A shared knowledge layer for AI agents. Agents write what they did. Trellis builds a cross-agent graph, attributes outcomes back to the exact context items that produced them, and tunes retrieval under statistical governance. Multi-backend (SQLite, Postgres + pgvector, ArcadeDB, Neo4j, S3). Four interfaces (CLI, MCP, REST, Python SDK). One install.

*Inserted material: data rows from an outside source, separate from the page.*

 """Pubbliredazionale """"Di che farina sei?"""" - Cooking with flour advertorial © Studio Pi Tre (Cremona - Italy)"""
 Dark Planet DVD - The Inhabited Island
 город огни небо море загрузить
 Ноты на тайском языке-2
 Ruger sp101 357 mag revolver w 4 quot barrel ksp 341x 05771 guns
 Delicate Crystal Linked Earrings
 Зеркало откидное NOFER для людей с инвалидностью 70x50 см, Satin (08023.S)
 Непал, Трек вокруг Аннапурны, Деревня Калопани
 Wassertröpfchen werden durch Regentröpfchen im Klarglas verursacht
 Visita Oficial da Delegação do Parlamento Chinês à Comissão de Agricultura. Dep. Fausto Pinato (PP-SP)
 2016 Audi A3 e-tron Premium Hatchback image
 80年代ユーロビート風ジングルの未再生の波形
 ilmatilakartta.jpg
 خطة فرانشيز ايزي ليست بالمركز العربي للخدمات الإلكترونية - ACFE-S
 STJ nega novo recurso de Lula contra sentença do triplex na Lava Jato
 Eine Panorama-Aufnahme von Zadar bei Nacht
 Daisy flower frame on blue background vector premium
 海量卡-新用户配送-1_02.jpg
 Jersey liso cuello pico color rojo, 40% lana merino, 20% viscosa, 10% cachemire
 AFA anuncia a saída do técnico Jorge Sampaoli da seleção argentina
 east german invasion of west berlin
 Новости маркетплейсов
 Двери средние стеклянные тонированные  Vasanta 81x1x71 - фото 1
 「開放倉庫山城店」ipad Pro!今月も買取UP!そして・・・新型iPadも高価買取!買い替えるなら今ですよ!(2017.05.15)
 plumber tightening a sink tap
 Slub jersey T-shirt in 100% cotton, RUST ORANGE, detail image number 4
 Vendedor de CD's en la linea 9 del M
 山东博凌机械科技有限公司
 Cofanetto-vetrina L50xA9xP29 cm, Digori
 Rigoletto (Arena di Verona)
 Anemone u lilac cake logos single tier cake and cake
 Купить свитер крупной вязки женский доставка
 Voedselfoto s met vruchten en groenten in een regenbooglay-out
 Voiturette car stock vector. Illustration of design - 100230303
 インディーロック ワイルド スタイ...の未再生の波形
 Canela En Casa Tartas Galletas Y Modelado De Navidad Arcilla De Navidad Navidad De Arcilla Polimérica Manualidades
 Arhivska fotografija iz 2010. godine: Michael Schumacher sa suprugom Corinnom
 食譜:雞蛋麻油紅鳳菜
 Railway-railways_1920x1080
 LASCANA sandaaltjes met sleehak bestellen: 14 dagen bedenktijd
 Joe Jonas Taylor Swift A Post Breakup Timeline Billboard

agent reads pack ──► does work ──► writes trace + feedback ──► graph + audit log
        ▲                                                              │
        └──── better pack next time (noise demoted, weights tuned) ◄──┘

Most "agent memory" attributes feedback to a session or a user. Trellis attributes it to the specific items served in the pack. That's the seam that lets noise suppression, advisory fitness, and parameter promotion all work from the same signal — and lets multiple agents share a substrate where institutional knowledge compounds instead of evaporating at the end of each session.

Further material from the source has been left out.